My only difficulty with this book—aside, perhaps, from the discomfort anyone more affectively attuned to Israelis than Palestinians is likely to experience in Goldberg’s portrayals of bad will on both sides—concerns its structure. There’s a lot of back-and-forth in narrative time, especially in the book’s early chapters, and it’s not always easy to follow. Some readers may not sense themselves well “situated” in the book for awhile.
On the other hand, the book’s Web site** is all about context. Its superb “Resources” section includes a map, a timeline stretching from 1800 B.C.E. to 2006, and a set of links Goldberg recommends for more information on the Middle East. All those items might have been nice additions to the book, too (the evanescence of Web addresses notwithstanding).

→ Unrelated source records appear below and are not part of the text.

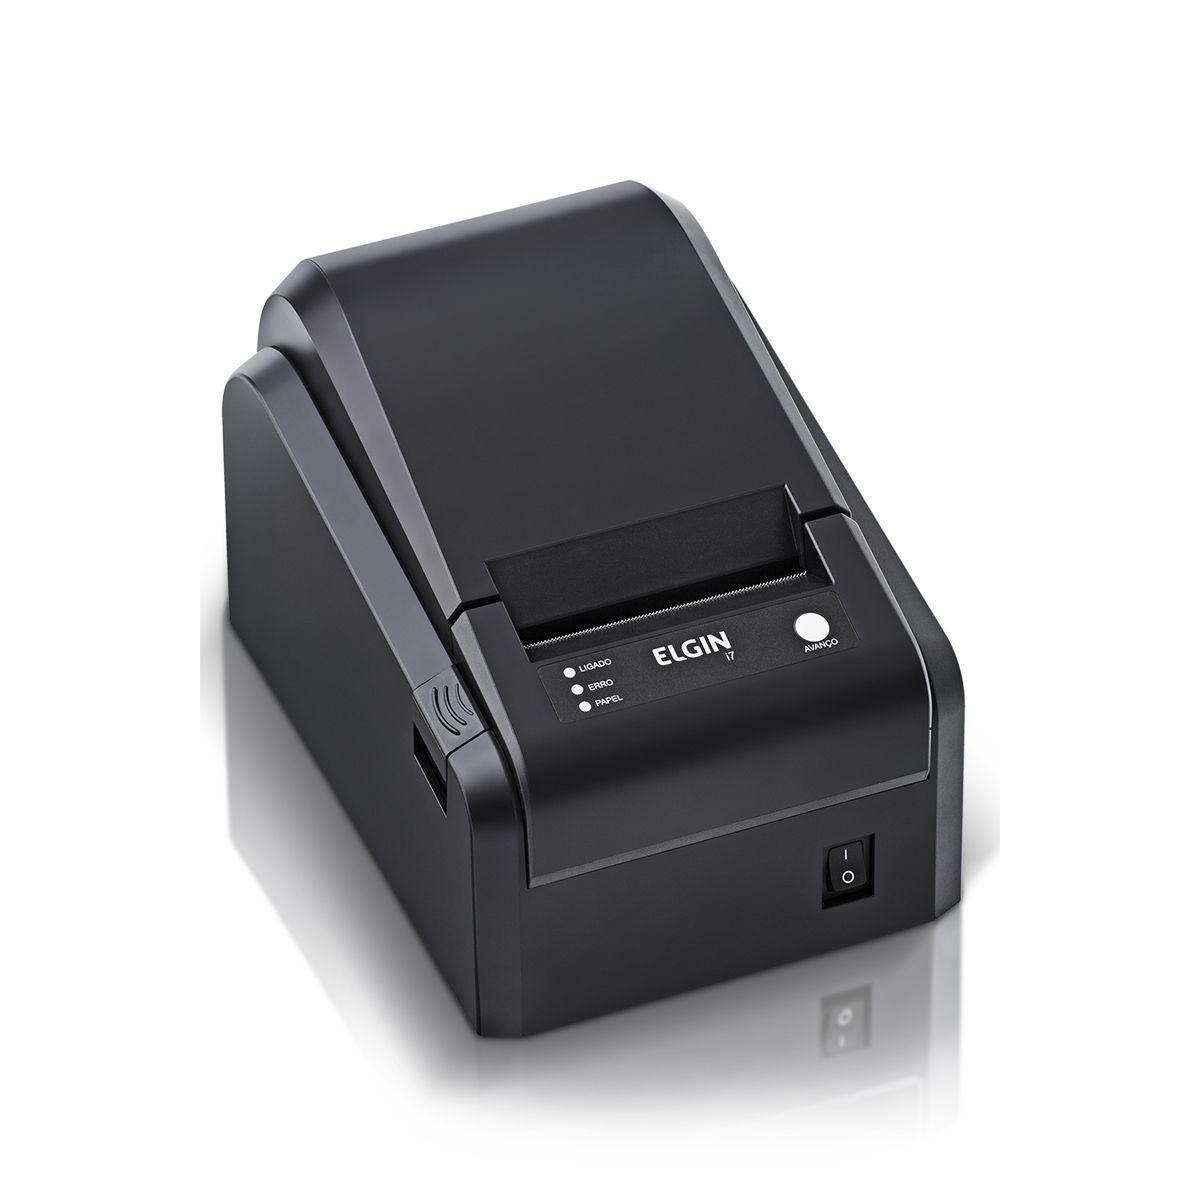 Impressora i7  Ideal para emissão de cupons do SAT / NFC-e, e também outros cupons e recibos não fiscais, a impressora térmica não fiscal i7 é a melhor escolha entre preço e desempenho. Com dimensões
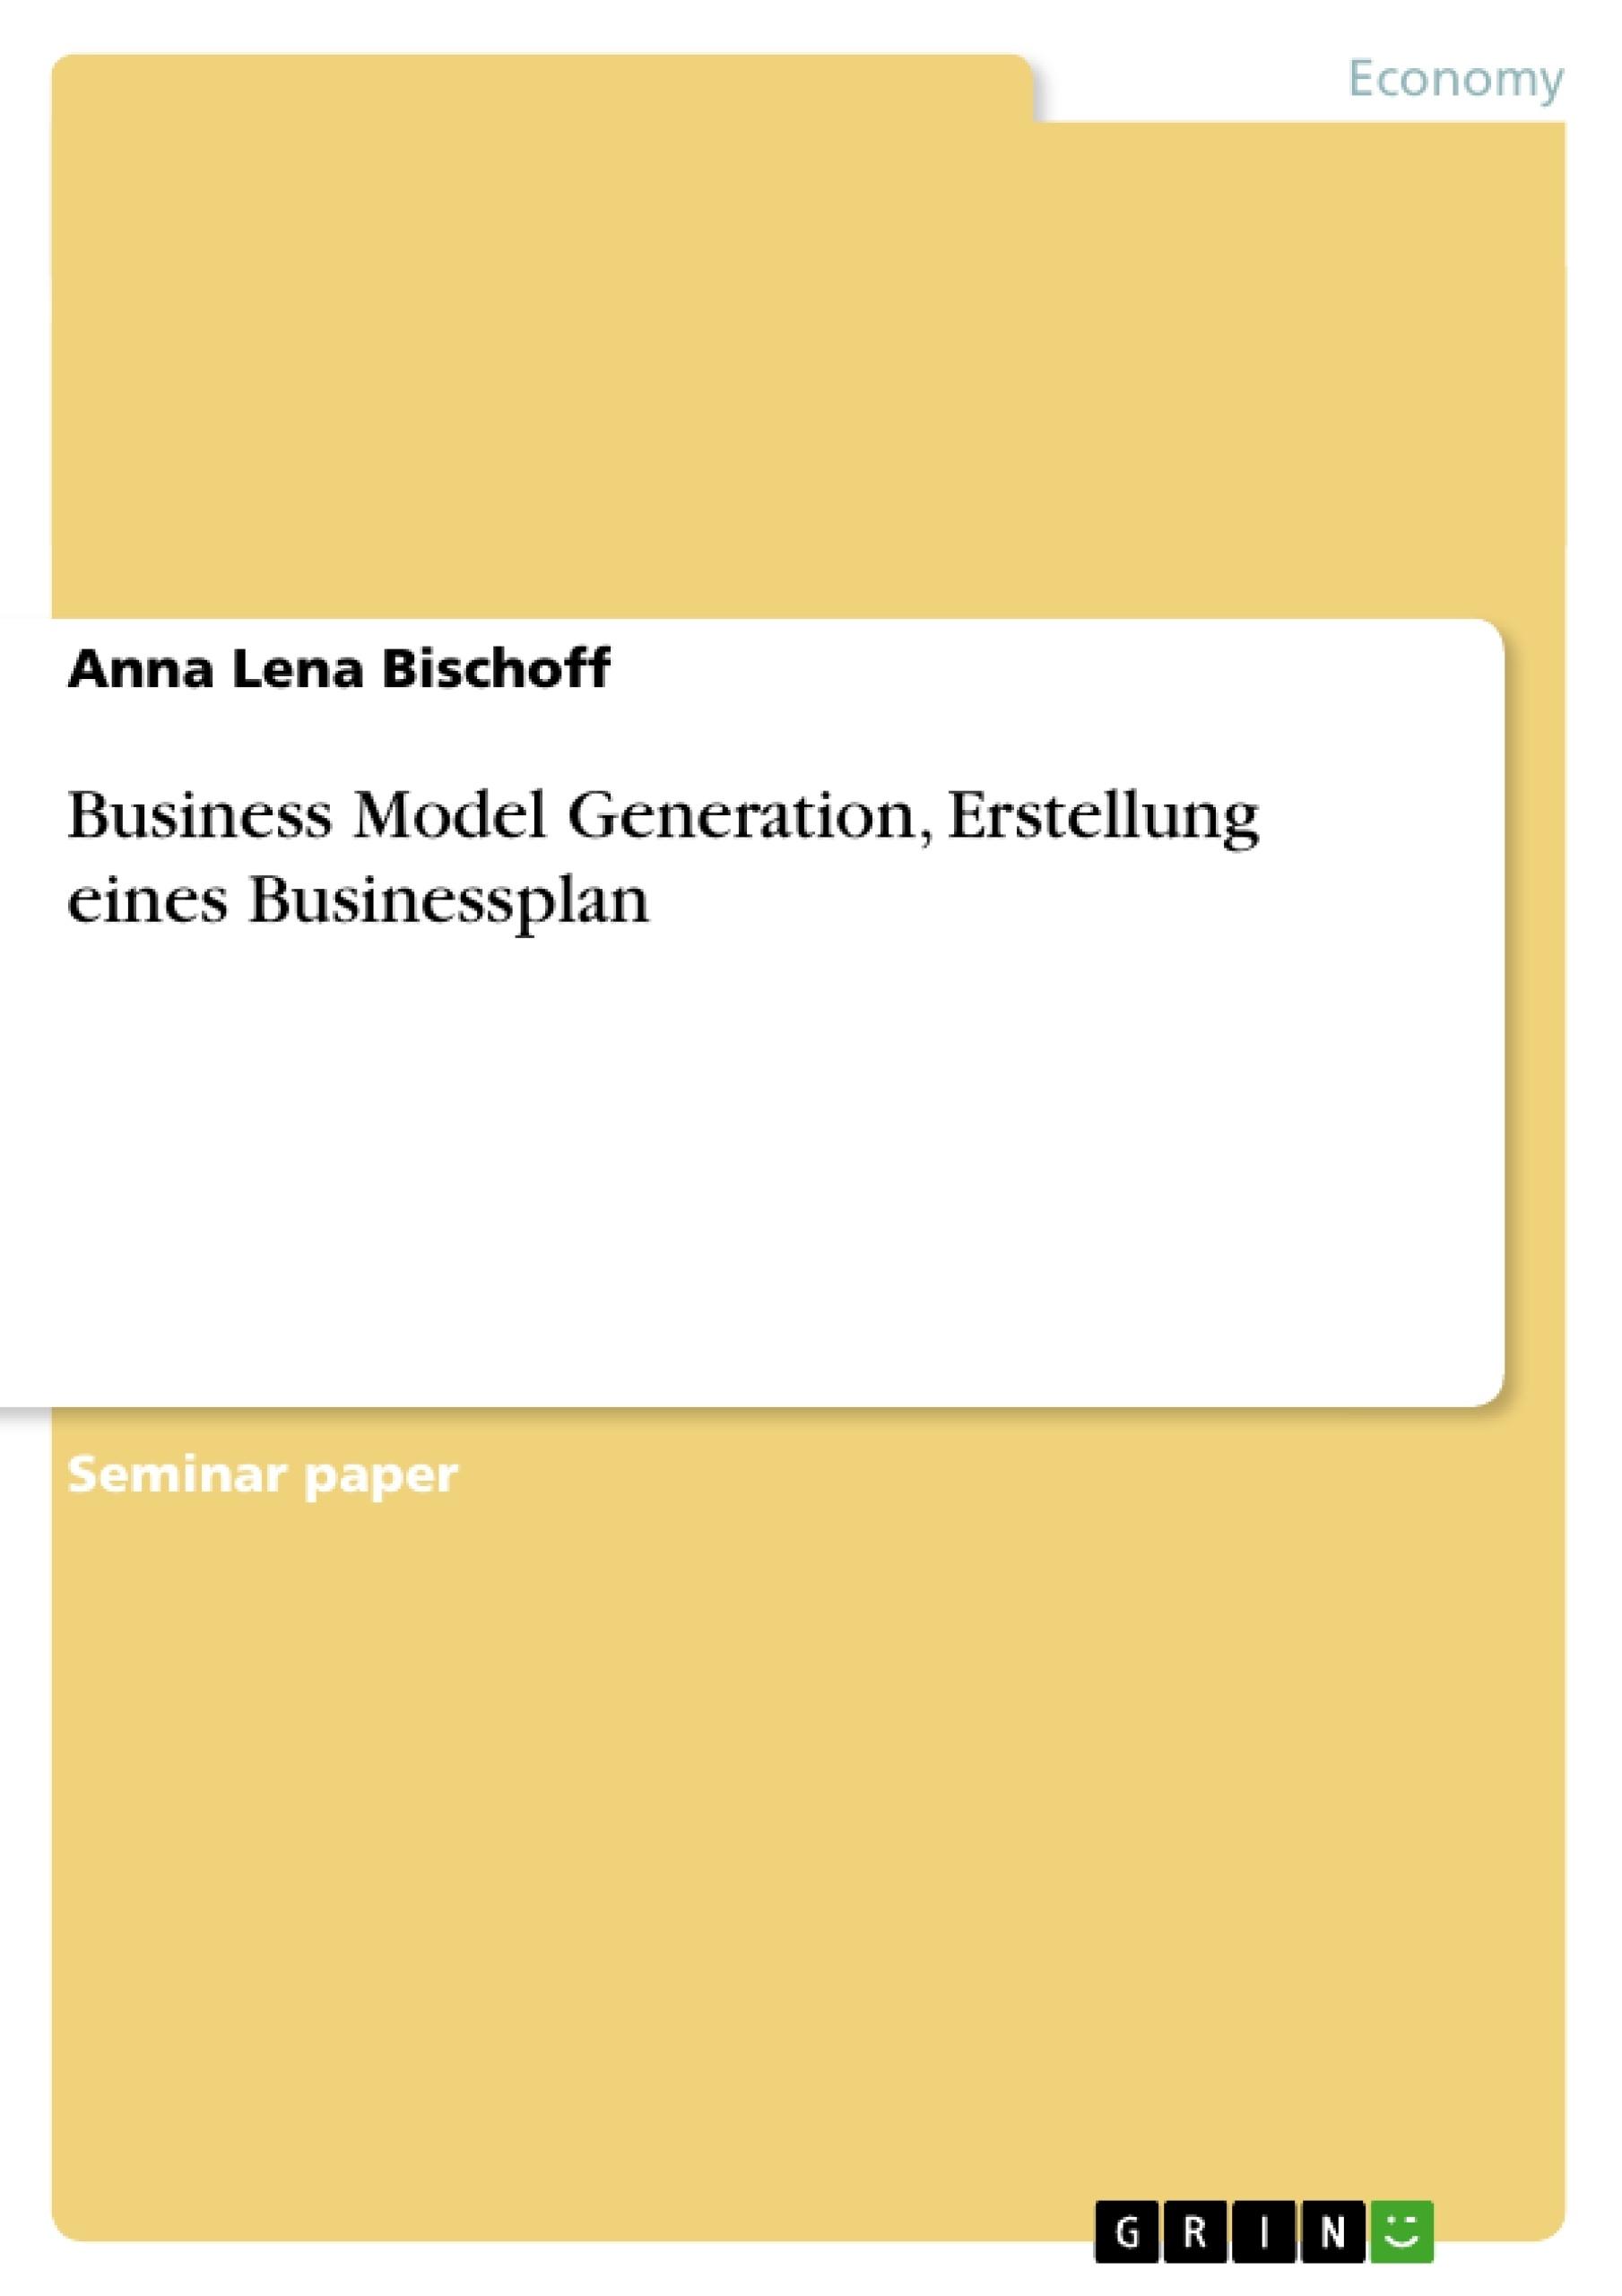 Title: Business Model Generation, Erstellung eines Businessplan
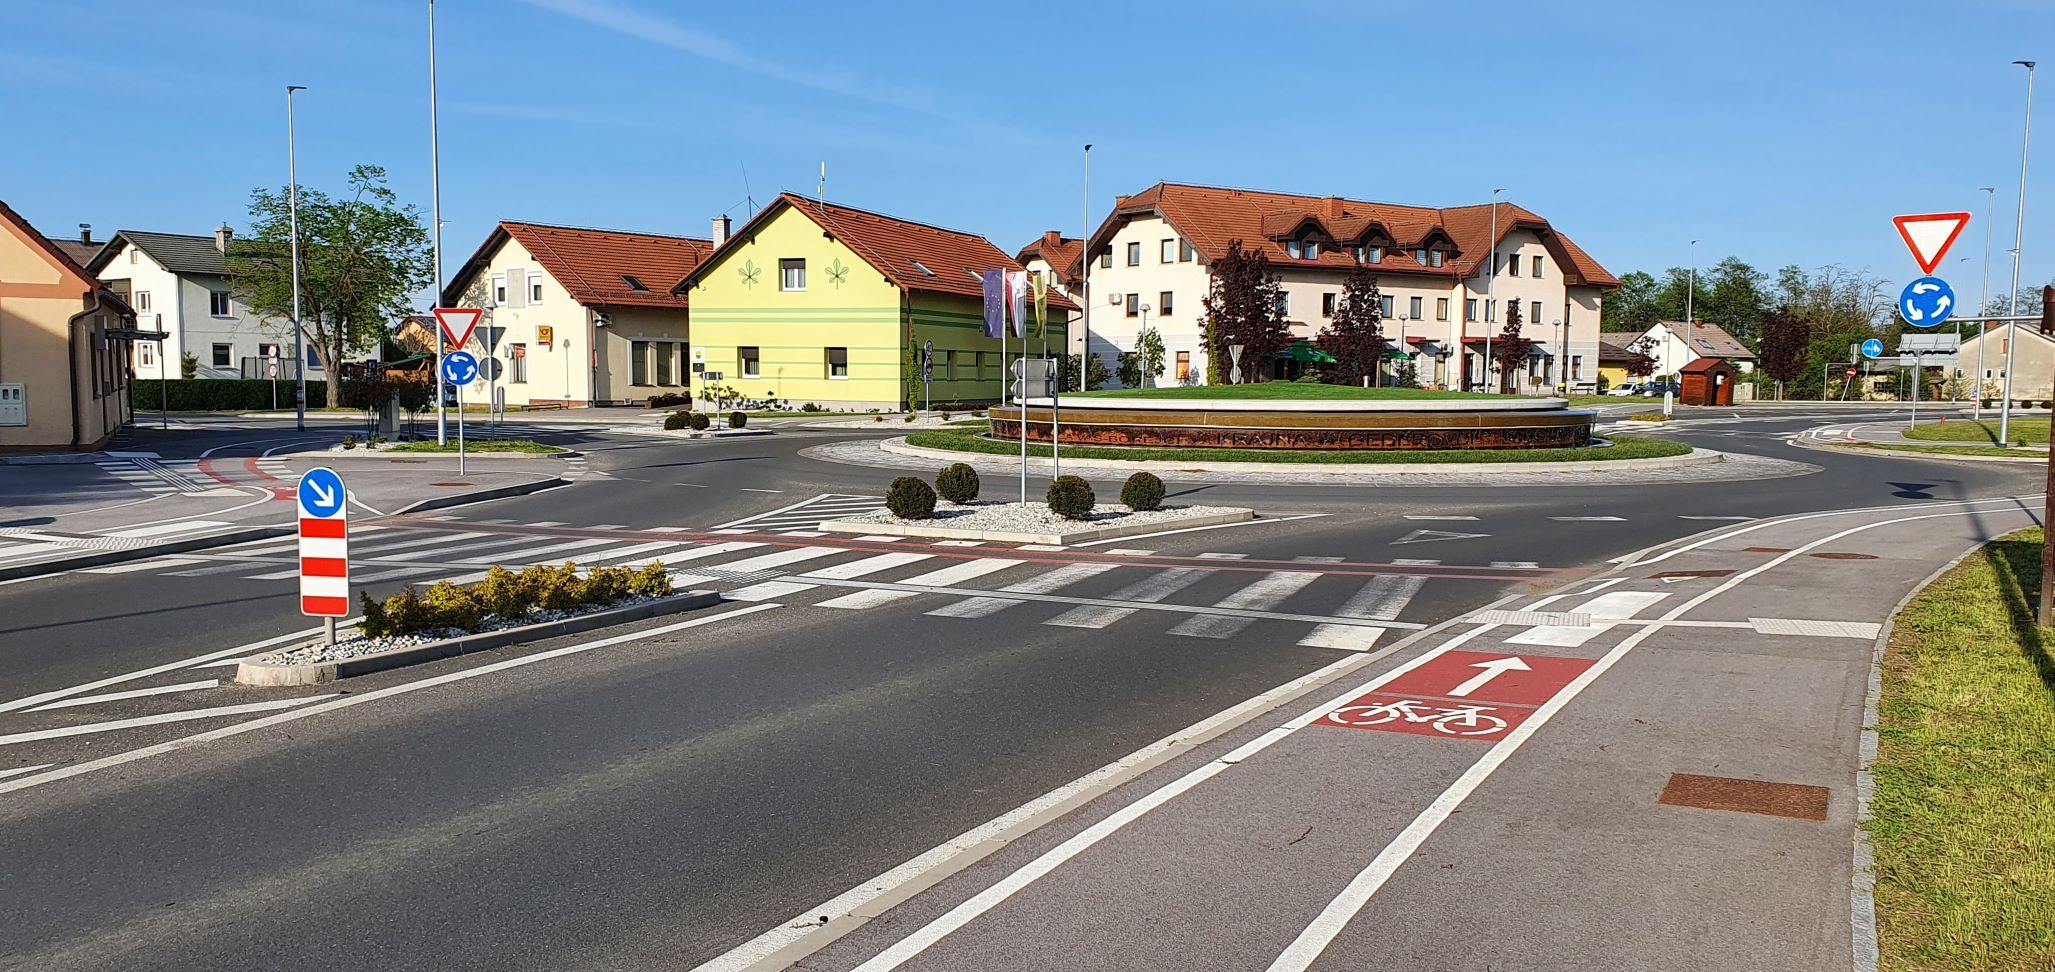 Rekonstrukcija regionalne ceste R1-235/0318 Petanjci – Murska Sobota (Gaj) od km 2+717 do km 3+895 z ureditvijo krožišča

In closing it seems not unimportant to note that during the fall of 2006, when Prisoners was published, another new book, by former President Jimmy Carter, received far more media attention. At the height of the controversies Carter’s book sparked over everything from its title, to the veracity (or lack thereof) of its content, to its one-sided/pro-Palestinian approach, I was reading Prisoners. And given the evident knowledge, humanity, and, not least of all, sustained and often painful efforts to understand “both sides” that permeate practically every one of Goldberg’s pages, I couldn’t help wishing, fervently, that the readers who made the Carter book a bestseller might still turn to Prisoners. That, perhaps, might be the start of something.
(A version of this review was published in the Winter 2007 issue of The Chattahoochee Review.)